This notebook extends the regression analysis from Week 8 by expanding the simple linear regression model and applying diagnostic tools to evaluate whether the model’s assumptions are reasonably met.
In Week 8, a simple linear regression was fit using
data_products_score as the sole predictor of
overall_score. That model explained approximately 67% of
the variation in overall statistical performance across countries. This
week, 1–3 additional variables are introduced to improve the model, and
the 5 diagnostic plots discussed in class are used to assess its
validity. The central goal is to ensure that any conclusions drawn from
the model rest on a valid foundation.
The dataset is the World Bank Statistical Performance Indicators dataset, a longitudinal country-level dataset covering 217 countries from 2004 to 2023. The analysis continues to use the 2023 cross-sectional snapshot.
# Load libraries
library(tidyverse)
## ── Attaching core tidyverse packages ──────────────────────── tidyverse 2.0.0 ──
## ✔ dplyr 1.1.4 ✔ readr 2.1.6
## ✔ forcats 1.0.1 ✔ stringr 1.6.0
## ✔ ggplot2 4.0.1 ✔ tibble 3.3.1
## ✔ lubridate 1.9.4 ✔ tidyr 1.3.2
## ✔ purrr 1.2.1
## ── Conflicts ────────────────────────────────────────── tidyverse_conflicts() ──
## ✖ dplyr::filter() masks stats::filter()

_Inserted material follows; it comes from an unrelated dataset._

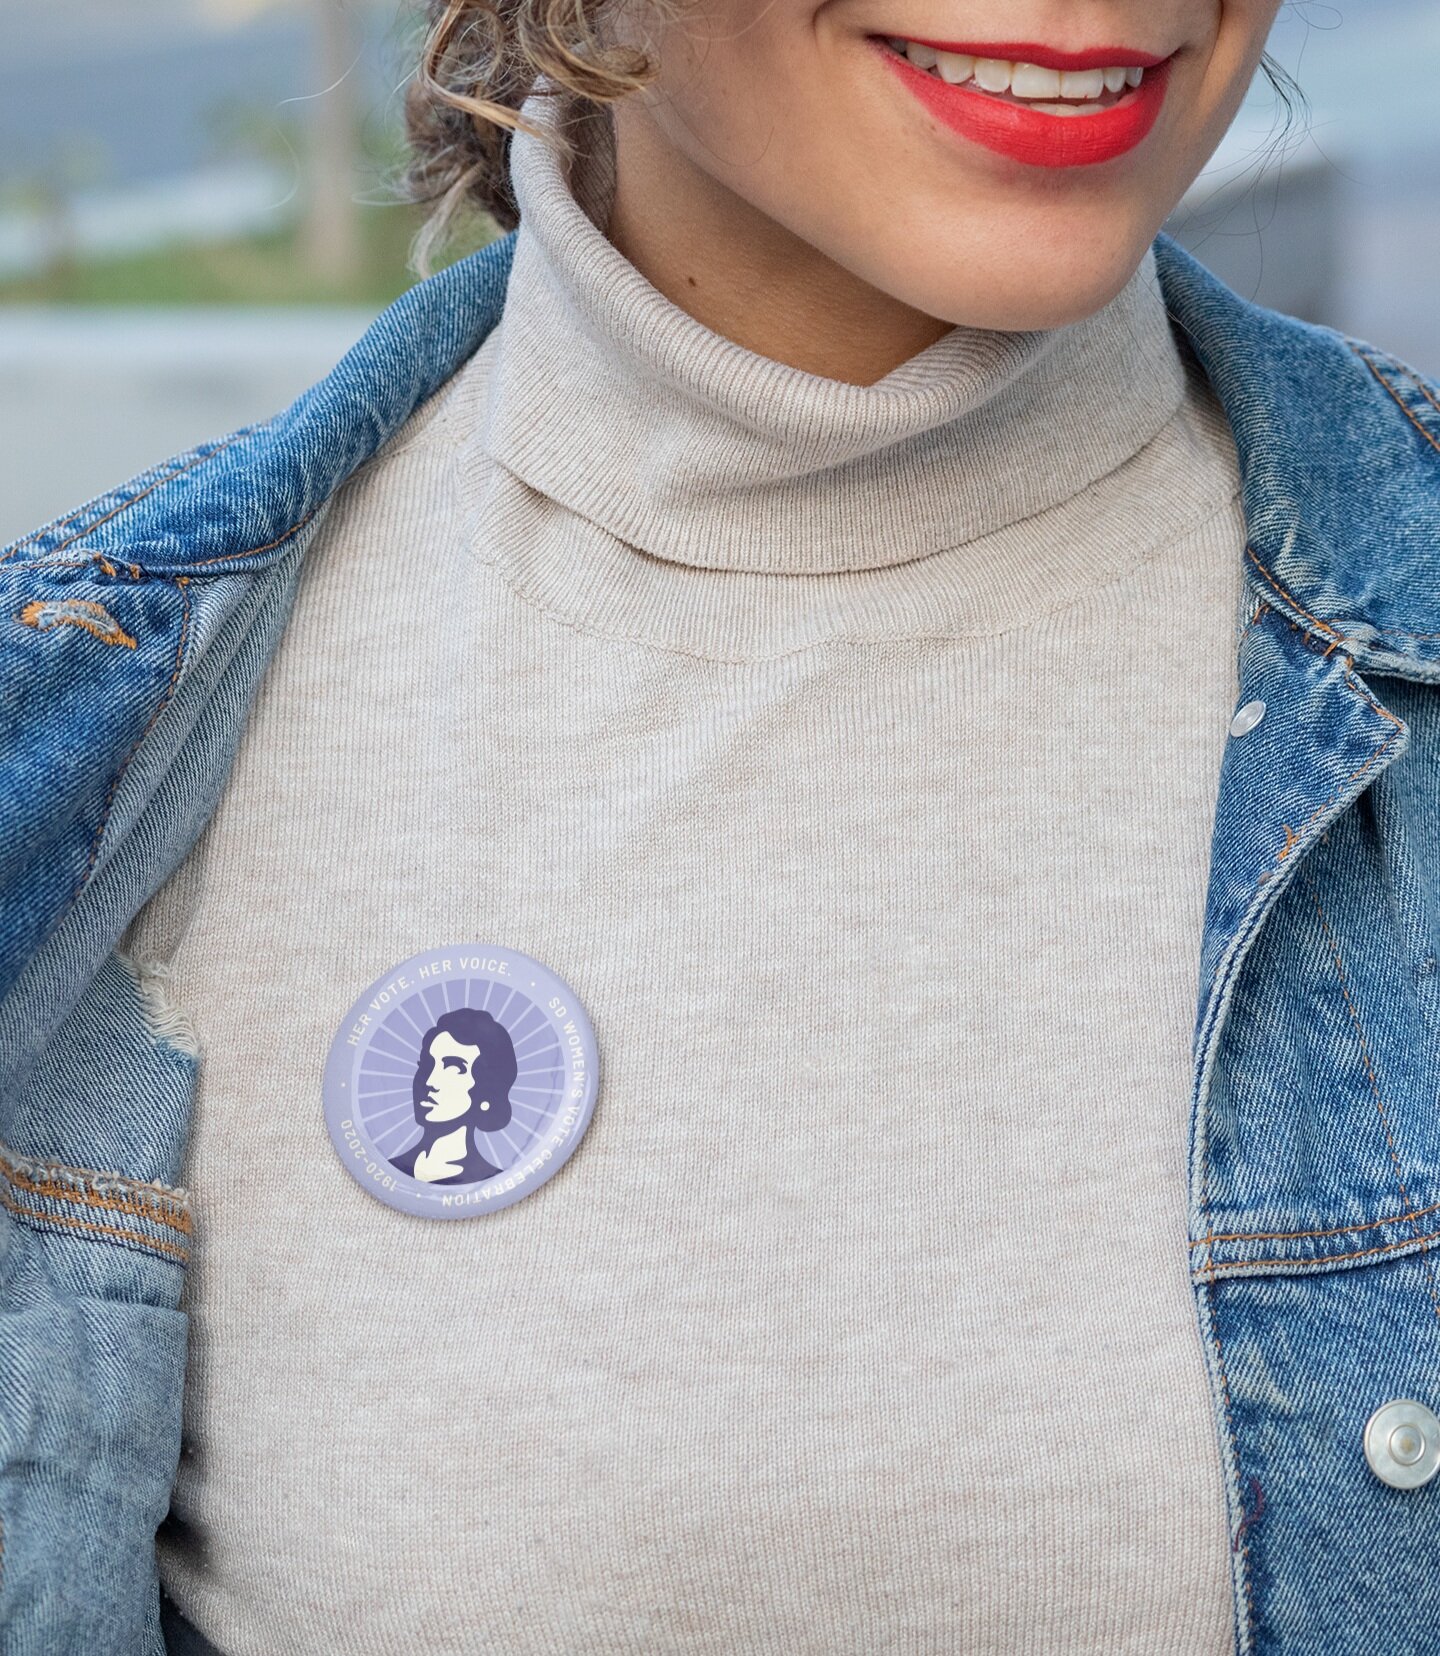 pin-mockup-featuring-a-smiling-woman-with-round-glasses-31898.jpg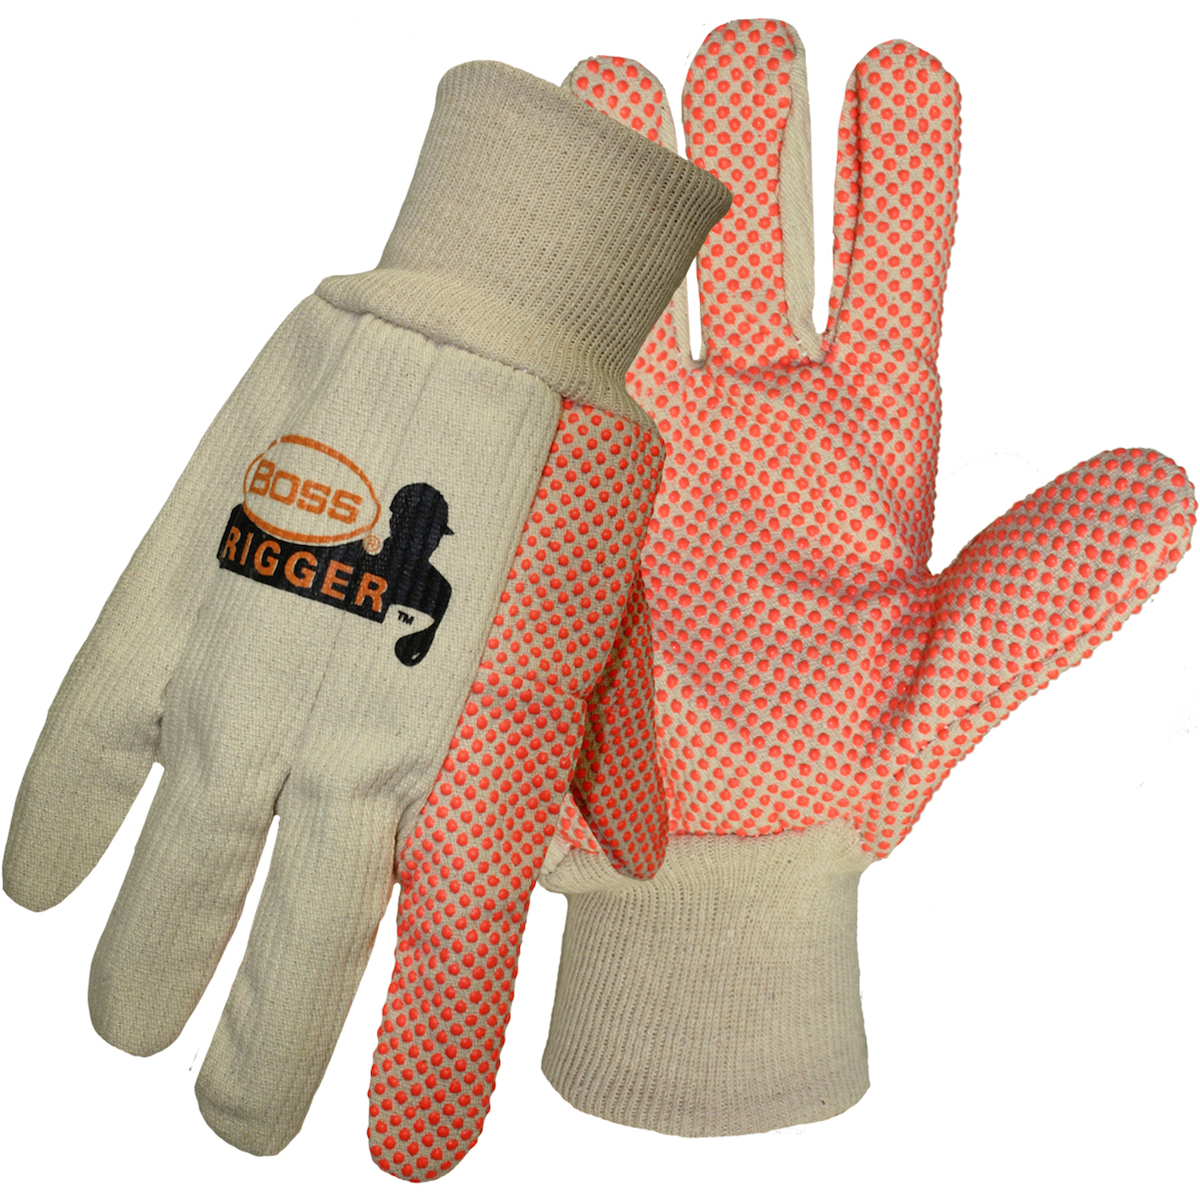 100% COTTON CORDED SINGLE PALM GLOVE WITH PVC DOTTED GRIP ON PALM, THUMB AND INDEX FINGER - HEAVY WEIGHT

## ✖ dplyr::lag() masks stats::lag()
## ℹ Use the conflicted package (<http://conflicted.r-lib.org/>) to force all conflicts to become errors
library(lindia)
library(GGally)
library(broom)
# Load dataset
dataset <- read_csv("dataset.csv")
## Rows: 4340 Columns: 12
## ── Column specification ────────────────────────────────────────────────────────
## Delimiter: ","
## chr (4): iso3c, country, region, income
## dbl (8): year, population, overall_score, data_use_score, data_services_scor...
##
## ℹ Use `spec()` to retrieve the full column specification for this data.
## ℹ Specify the column types or set `show_col_types = FALSE` to quiet this message.
# Filter to 2023, remove unclassified income group, create binary variable
data_2023 <- dataset %>%
filter(year == 2023) %>%
filter(income != "Not classified") %>%
mutate(high_income = ifelse(income == "High income", 1, 0))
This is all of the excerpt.